VA Cooperative Studies Program Coordinating Center, Hines, IL 60141, U.S.A.
Stat Med. 2012 Nov 20;31(26):3192-210. doi: 10.1002/sim.5393. Epub 2012 Aug 3.
In studies using ecological momentary assessment (EMA), or other intensive longitudinal data collection methods, interest frequently centers on changes in the variances, both within-subjects and between-subjects. For this, Hedeker et al. (Biometrics 2008; 64: 627-634) developed an extended two-level mixed-effects model that treats observations as being nested within subjects and allows covariates to influence both the within-subjects and between-subjects variance, beyond their influence on means. However, in EMA studies, subjects often provide many responses within and across days. To account for the possible systematic day-to-day variation, we developed a more flexible three-level mixed-effects location scale model that treats observations within days within subjects, and allows covariates to influence the variance at the subject, day, and observation level (over and above their usual effects on means) using a log-linear representation throughout. We provide details of a maximum likelihood solution and demonstrate how SAS PROC NLMIXED can be used to achieve maximum likelihood estimates in an alternative parameterization of our proposed three-level model. The accuracy of this approach using NLMIXED was verified by a series of simulation studies. Data from an adolescent mood study using EMA were analyzed to demonstrate this approach. The analyses clearly show the benefit of the proposed three-level model over the existing two-level approach. The proposed model has useful applications in many studies with three-level structures where interest centers on the joint modeling of the mean and variance structure.
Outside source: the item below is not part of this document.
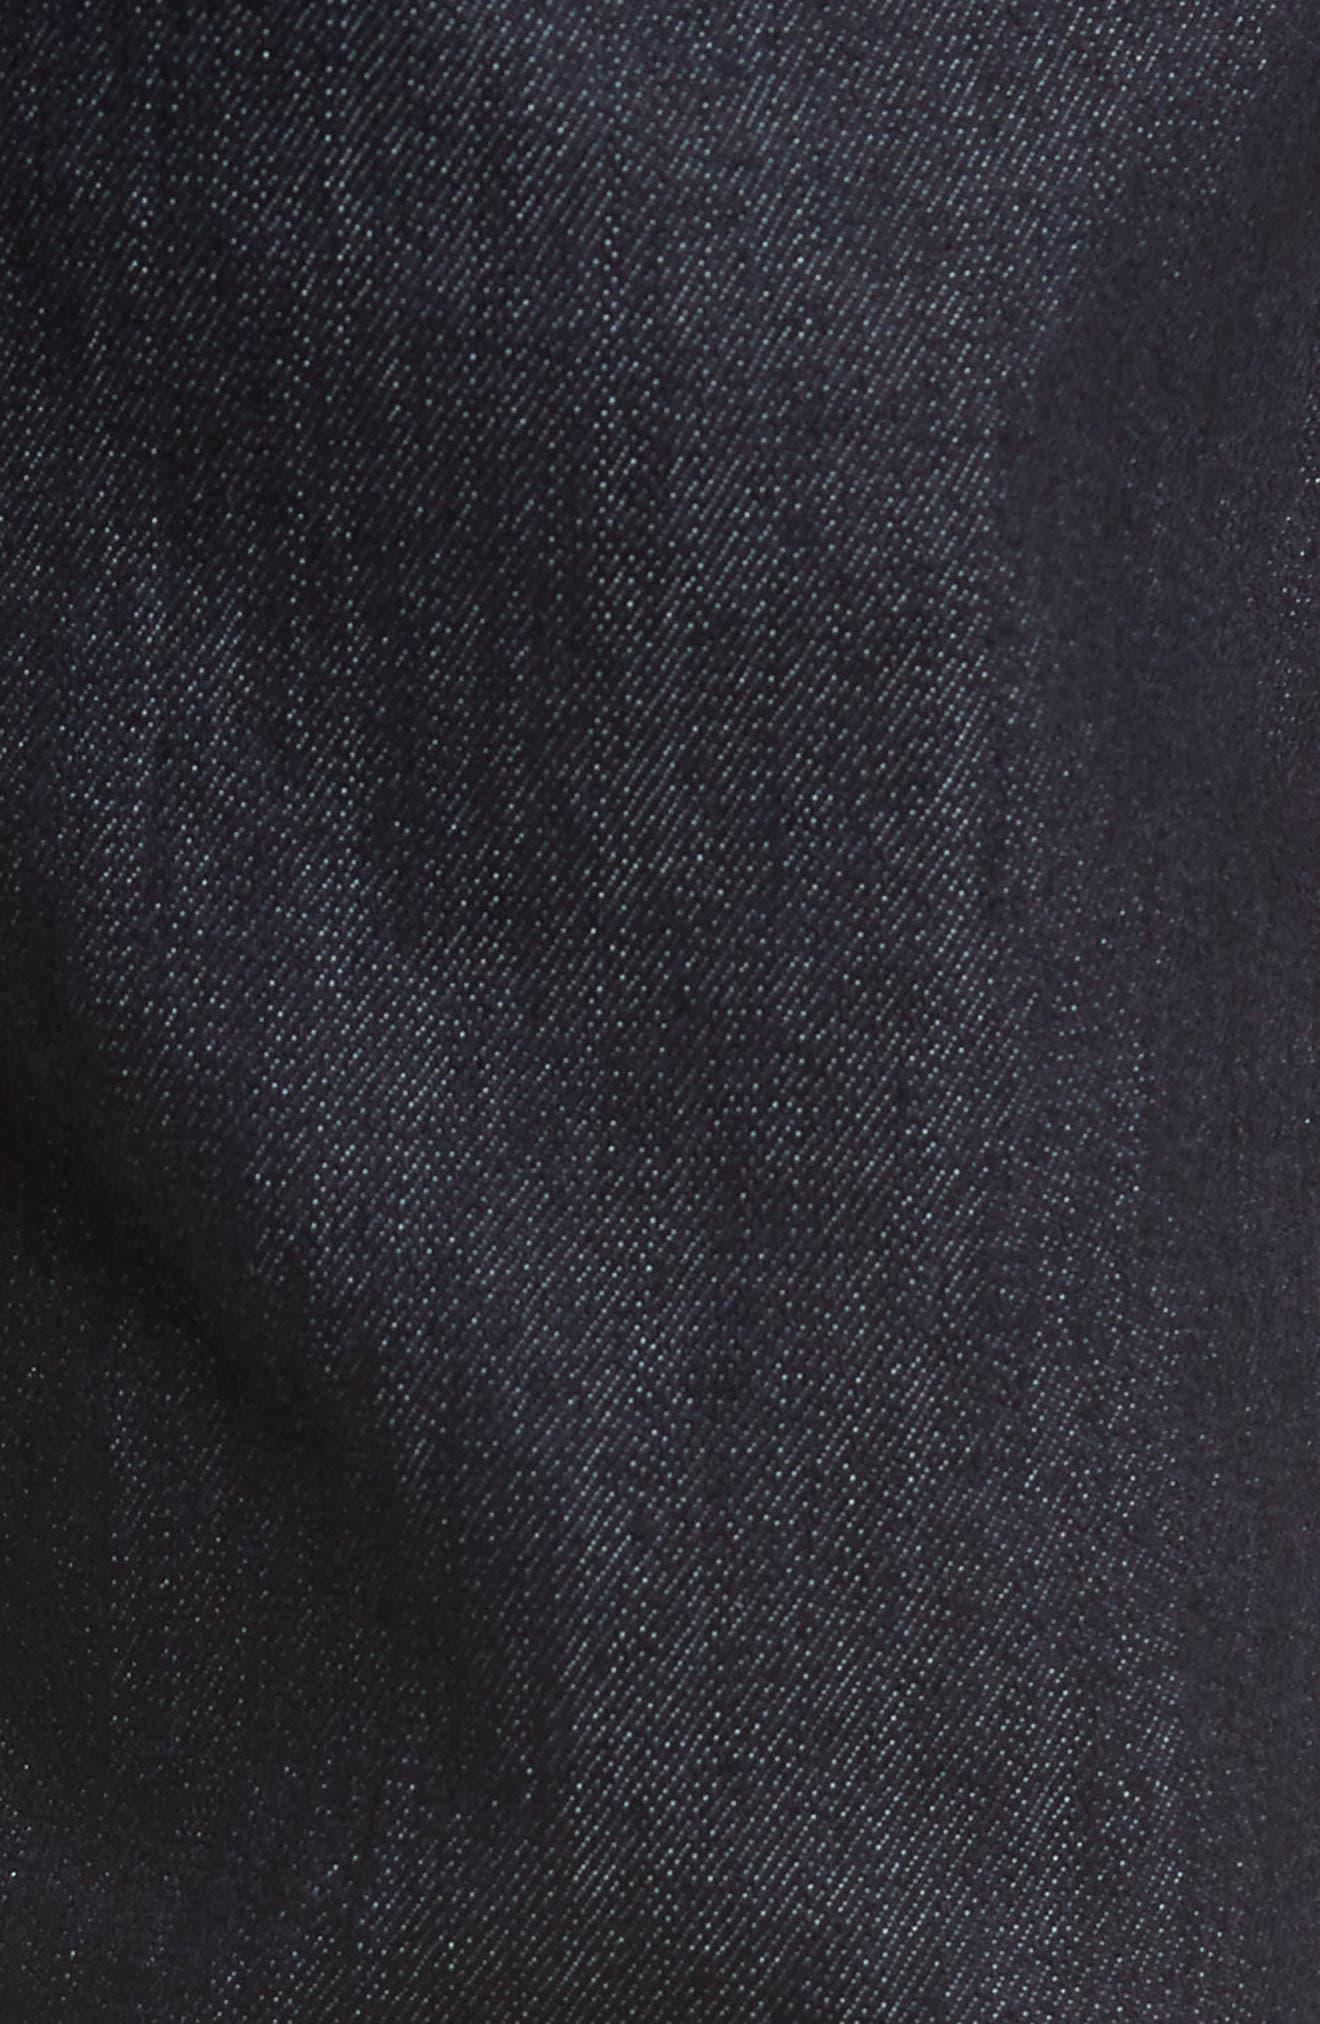 Adrien Slim Fit Jeans,                             Alternate thumbnail 5, color,                             404

在使用生态瞬时评估(EMA)或其他密集纵向数据收集方法的研究中,人们通常关注的是个体内和个体间方差的变化。为此,Hedeker 等人(Biometrics 2008;64:627-634)开发了一个扩展的两层混合效应模型,该模型将观测值视为嵌套在个体内,并允许协变量同时影响个体内和个体间方差,超出其对均值的影响。然而,在 EMA 研究中,受试者通常在几天内提供多次反应。为了考虑可能存在的系统日常变化,我们开发了一个更灵活的三层混合效应位置尺度模型,该模型将个体内每天的观测值视为嵌套的,并允许协变量通过对数线性表示来影响个体、天和观测水平上的方差(超出其对均值的通常影响)。我们提供了最大似然解的详细信息,并展示了如何使用 SAS PROC NLMIXED 在我们提出的三层模型的替代参数化中实现最大似然估计。通过一系列模拟研究验证了 NLMIXED 中这种方法的准确性。使用 EMA 进行的青少年情绪研究的数据被分析以展示这种方法。分析清楚地表明了所提出的三层模型相对于现有两层方法的优势。该模型在许多具有三层结构的研究中具有有用的应用,这些研究的重点是联合建模均值和方差结构。